At Oregon Health & Science, 24% of patients treated with trauma alerts over the 12 months ending this spring were not admitted, Schreiber said.
“If that number gets much lower, you could endanger patients who need activation if they are not activated,” he said.
On the other hand, the increasing number of trauma centers and the fees increase the costs of health care. The charges are passed on to higher insurance premiums and expenses paid not only by health insurers, but also by auto insurers, who are often the first to pay for the care of an accident victim.

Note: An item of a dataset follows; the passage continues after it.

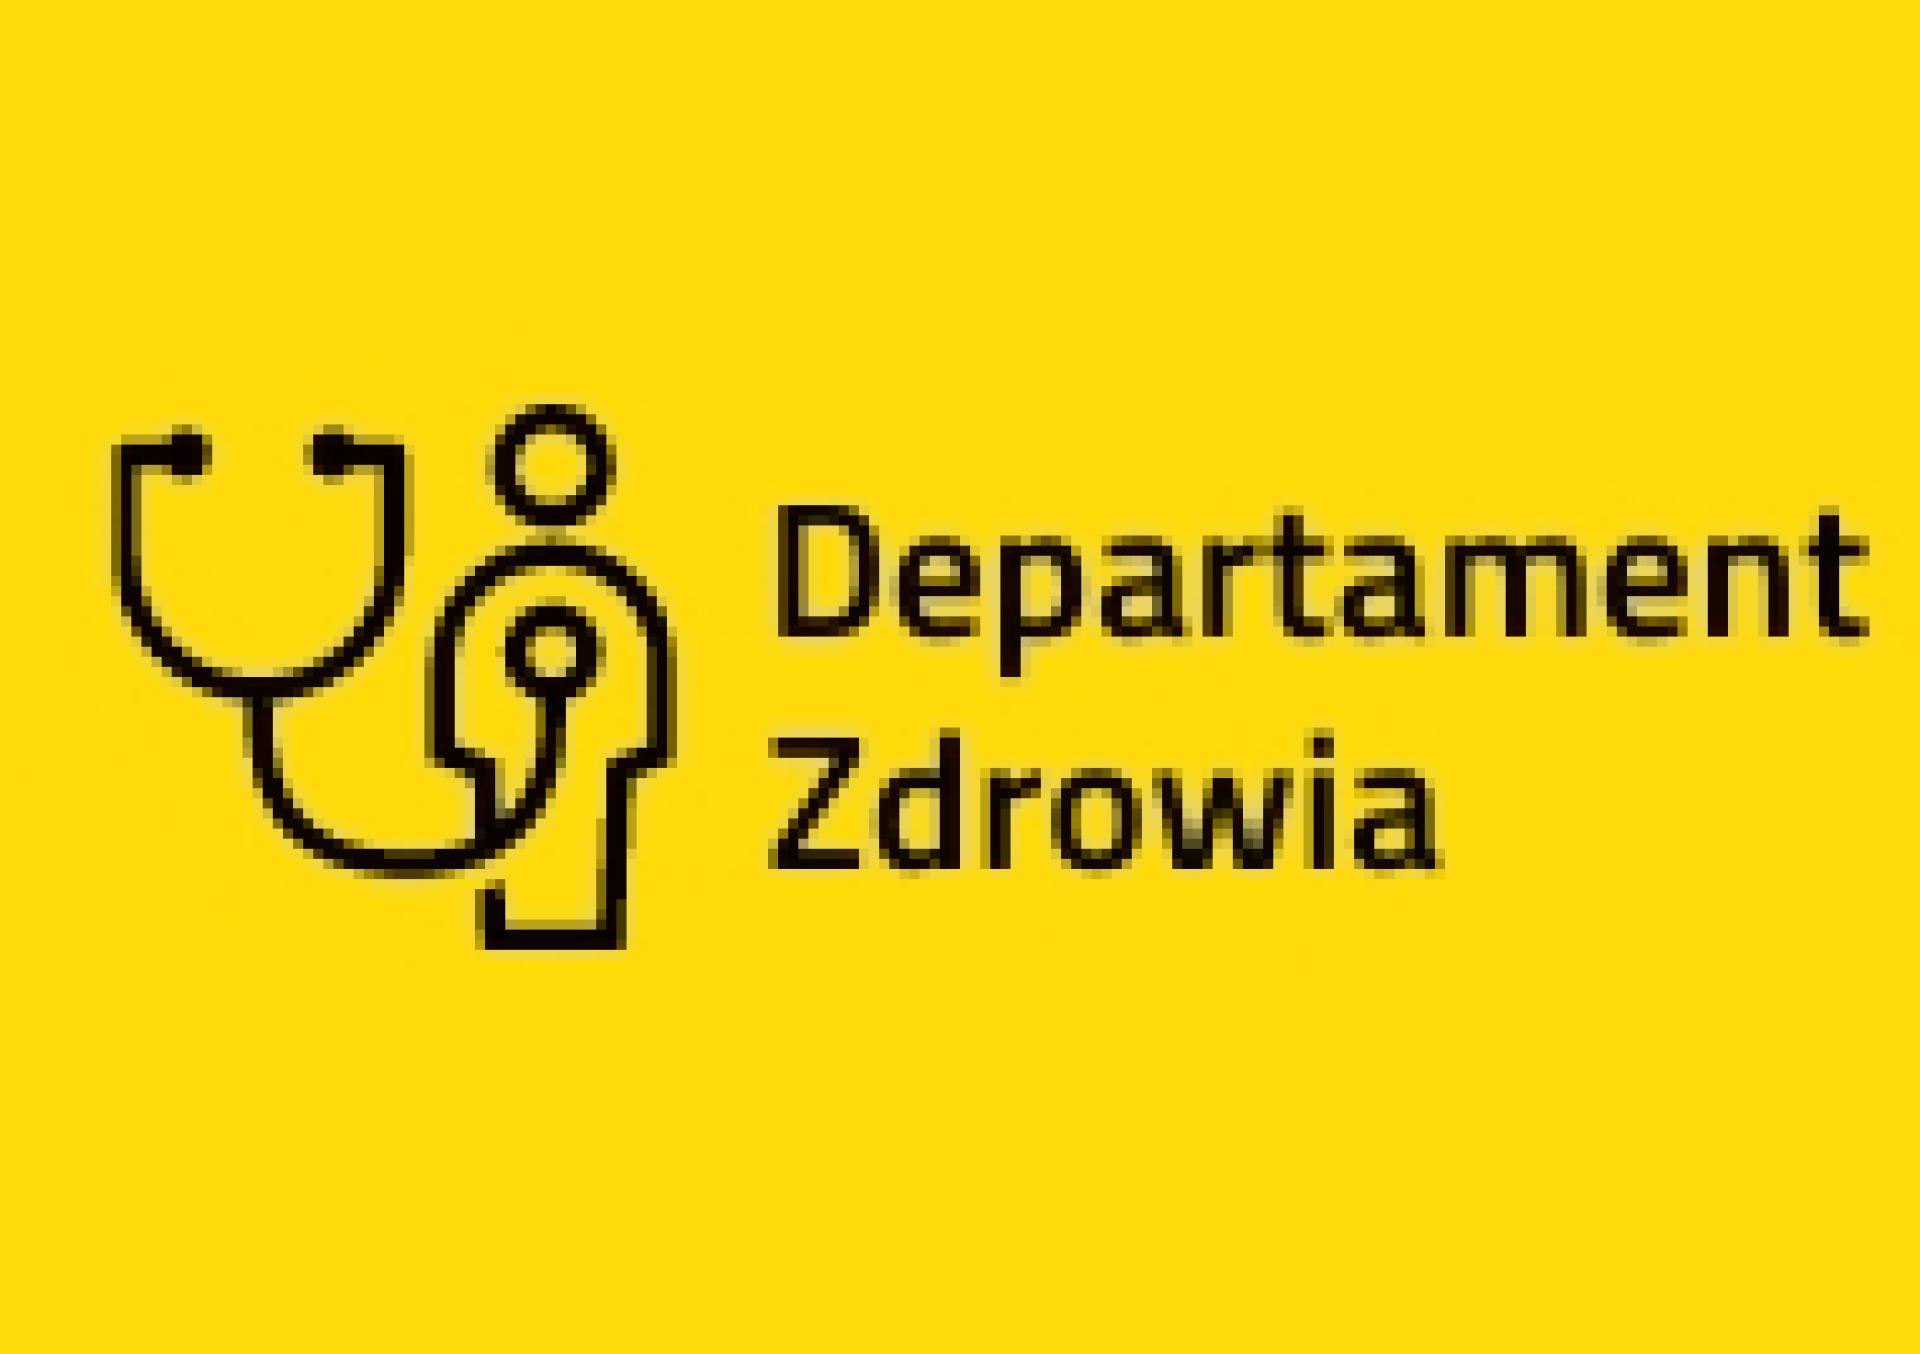 Konsultacje projektu uchwały Sejmiku zmieniającej uchwałę w sprawie nadania statutu Wielkopolskiemu Centrum Pulmonologii i Torakochirurgii  - zobacz więcej

Audits are rare and the system is often designed to pay claims with little or no review, billing specialists say. Legal challenges like the Sutter case are extremely rare.
“Most of these insurers, especially auto insurance, don’t look at the bill,” said Beth Morgan, CEO of Medical Bill Detectives, a consulting firm that helps insurers dispute hospital costs. “They pay it automatically.”
And the trauma activation fee can also directly affect patients.
“Sometimes the insurance companies won’t pay them. So people could get stuck with this bill, ”Morgan said.
A few years ago, the Zuckerberg San Francisco General Hospital billed a $ 15,666 in trauma intervention costs to the family of a toddler who fell from a hotel bed. He was doing fine. The treatment consisted of a bottle of formula and a nap. The hospital waived the charges after KHN and Vox wrote about it.
Fatigue from trauma alerts can come at a non-financial cost to the trauma team itself, McGonigal said.
“Every time that pager rings, you are pulling a lot of people away from their jobs to see [patients] get home an hour or two later, ”he said.
“Some trauma centers are having problems because they are in tatters. And there is probably an unnecessary expense in all the resources needed to assess and manage these patients. “
KHN (Kaiser Health News) is a national newsroom that produces in-depth journalism on health issues. Together with Policy Analysis and Polling, KHN is one of the three main operational programs of KFF (Kaiser Family Foundation). KFF is an endowed nonprofit organization that provides information on health issues to the nation.